→ DATA SEGMENT:
########

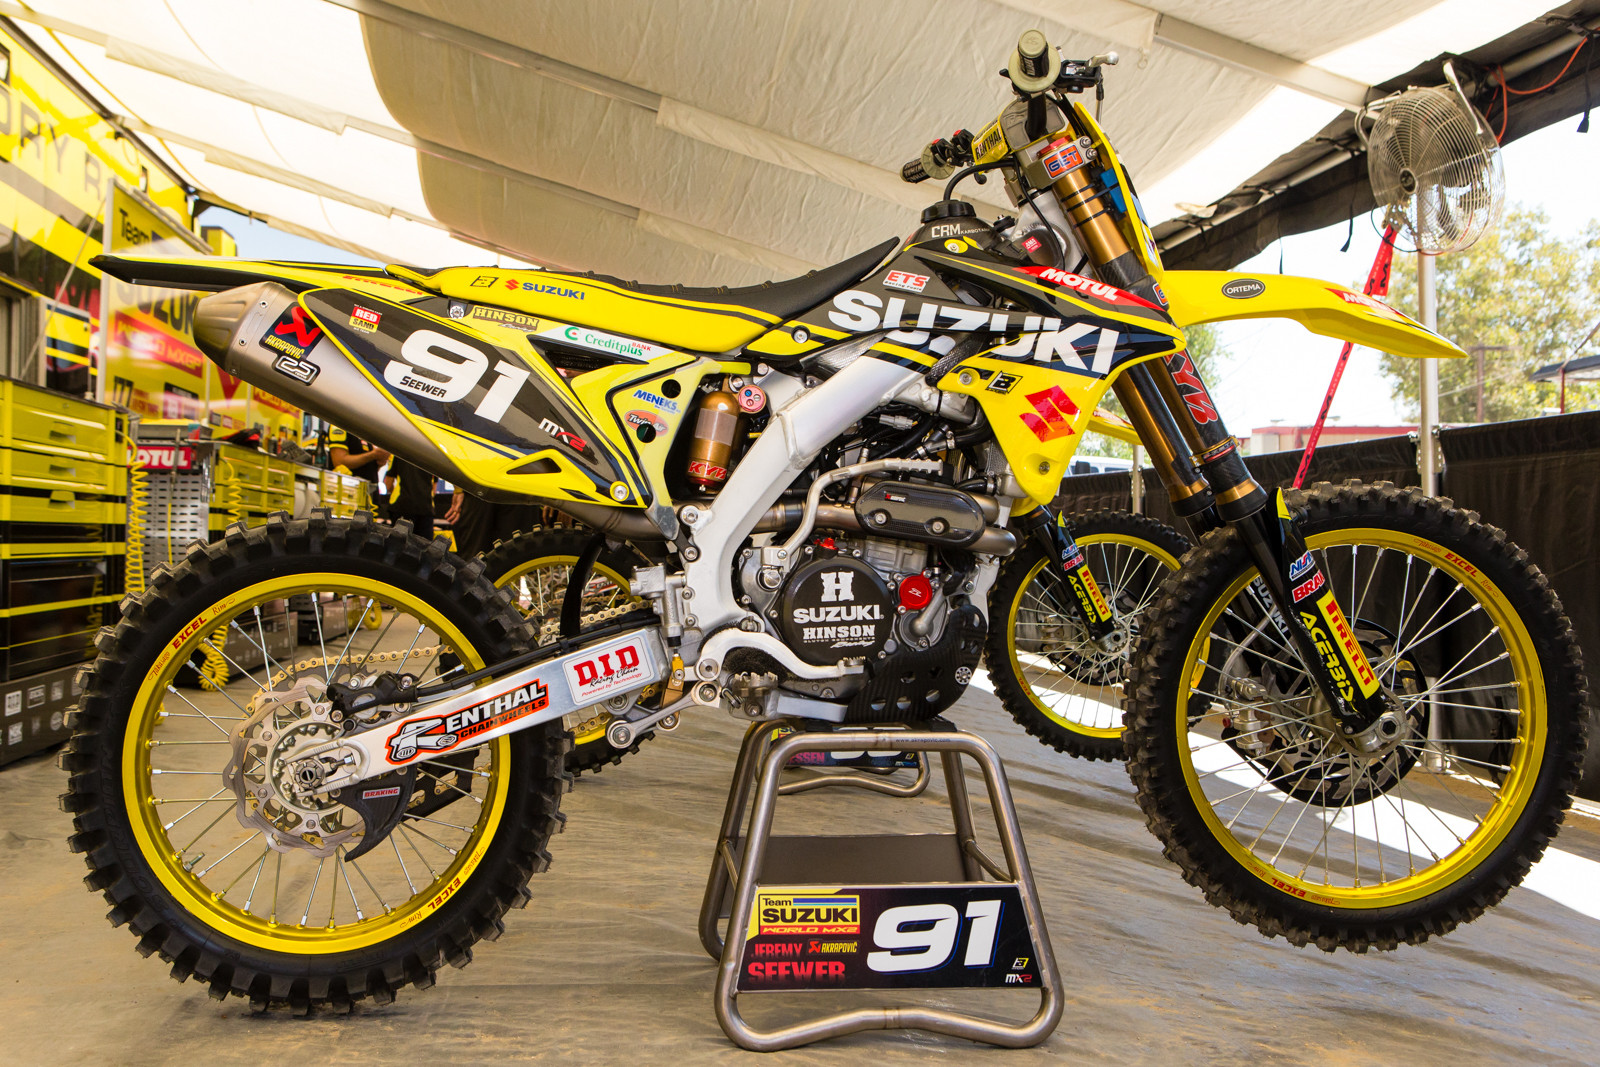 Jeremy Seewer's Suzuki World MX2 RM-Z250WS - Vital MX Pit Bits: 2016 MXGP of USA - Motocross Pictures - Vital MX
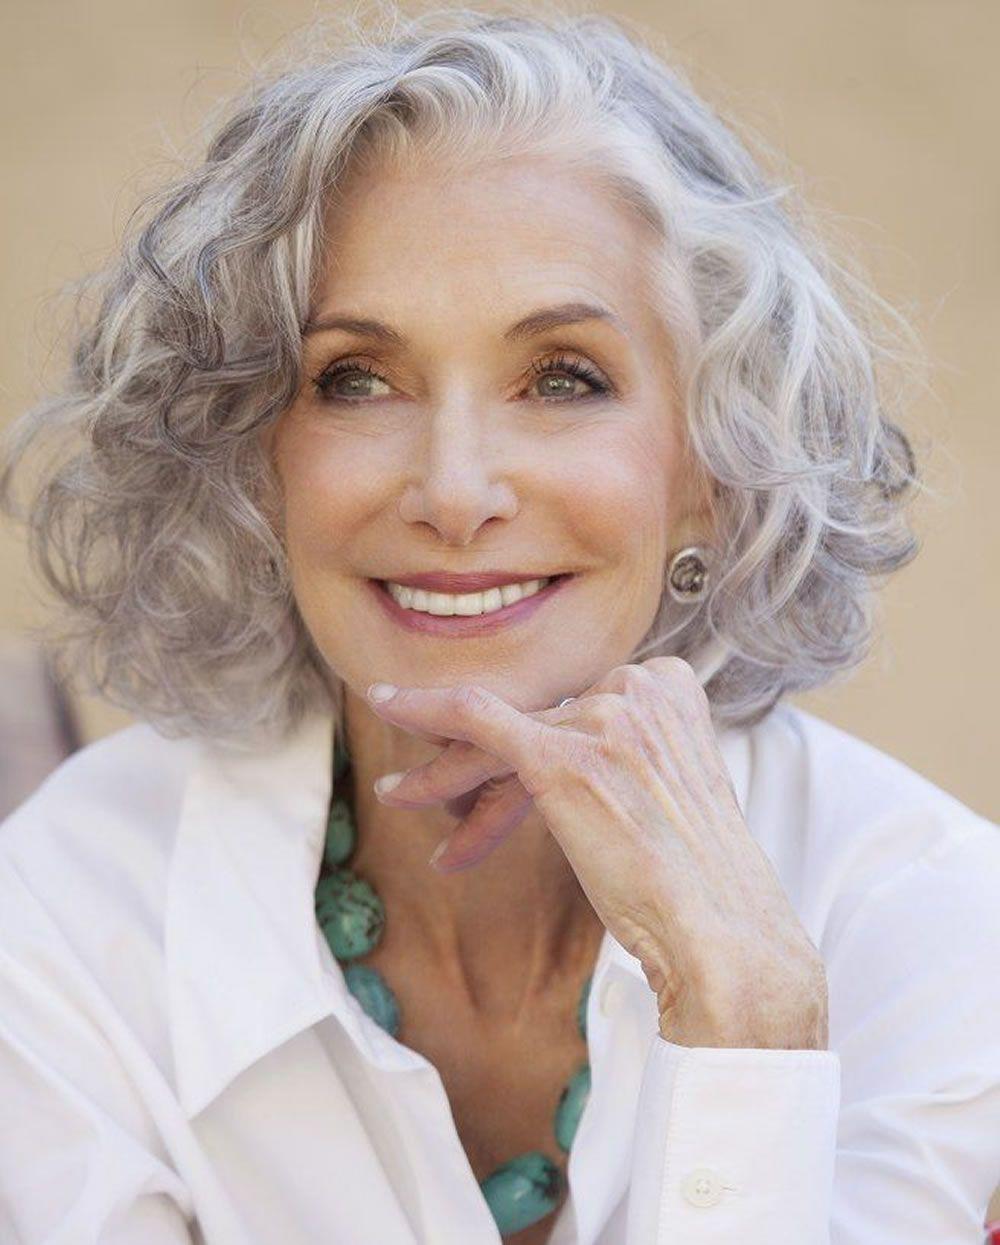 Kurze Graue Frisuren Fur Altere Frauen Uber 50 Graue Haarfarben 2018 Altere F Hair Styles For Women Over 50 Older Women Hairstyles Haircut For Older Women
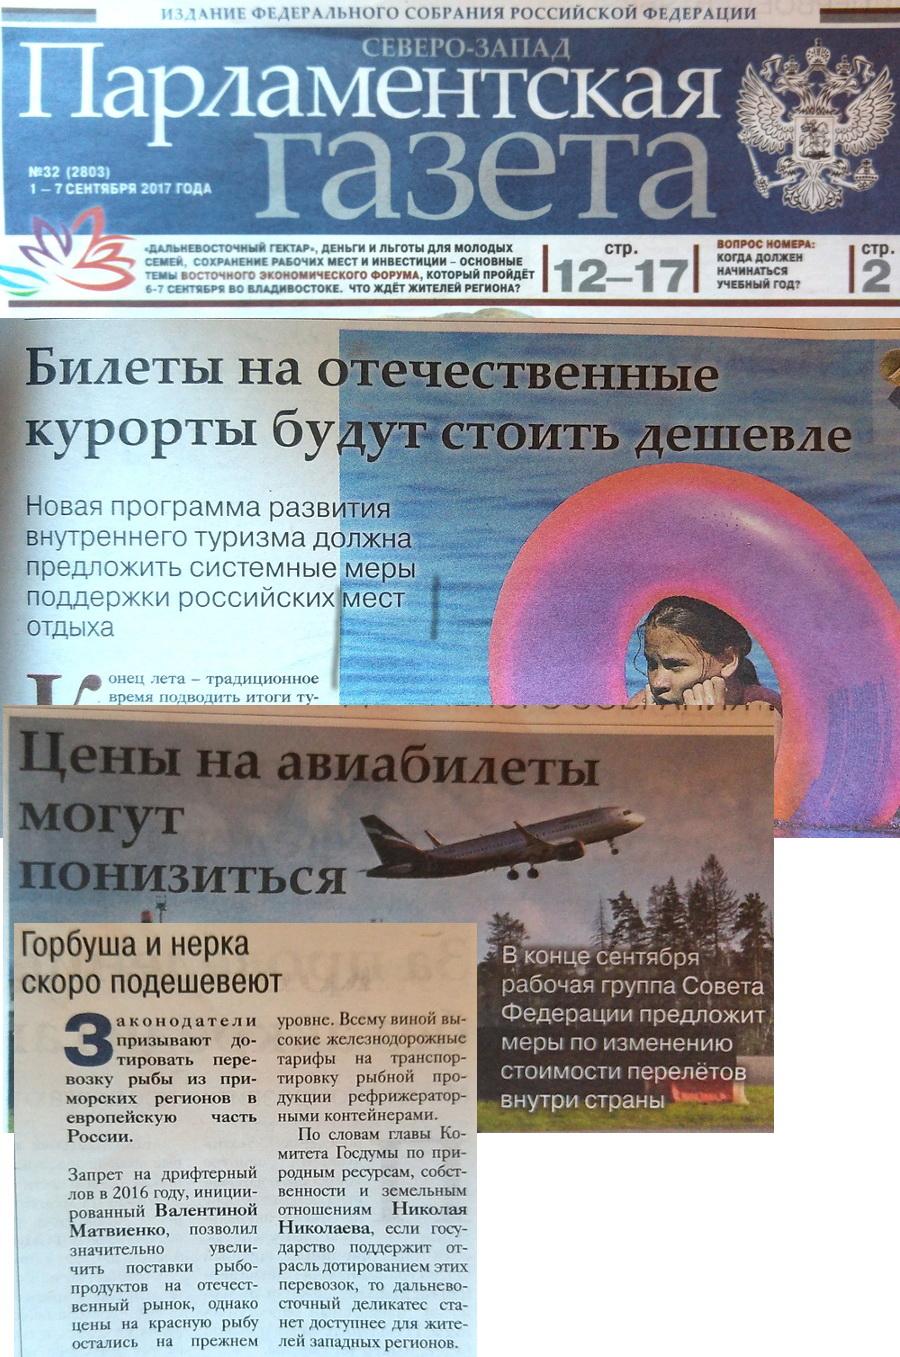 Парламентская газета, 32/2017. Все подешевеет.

########

→ ABOUT THIS TASK:
Reproduce the entire listing above precisely, but keep the images out.

→ ANSWER TO THE PROBLEM:
 Jeremy Seewer's Suzuki World MX2 RM-Z250WS - Vital MX Pit Bits: 2016 MXGP of USA - Motocross Pictures - Vital MX
 Kurze Graue Frisuren Fur Altere Frauen Uber 50 Graue Haarfarben 2018 Altere F Hair Styles For Women Over 50 Older Women Hairstyles Haircut For Older Women
 Парламентская газета, 32/2017. Все подешевеет.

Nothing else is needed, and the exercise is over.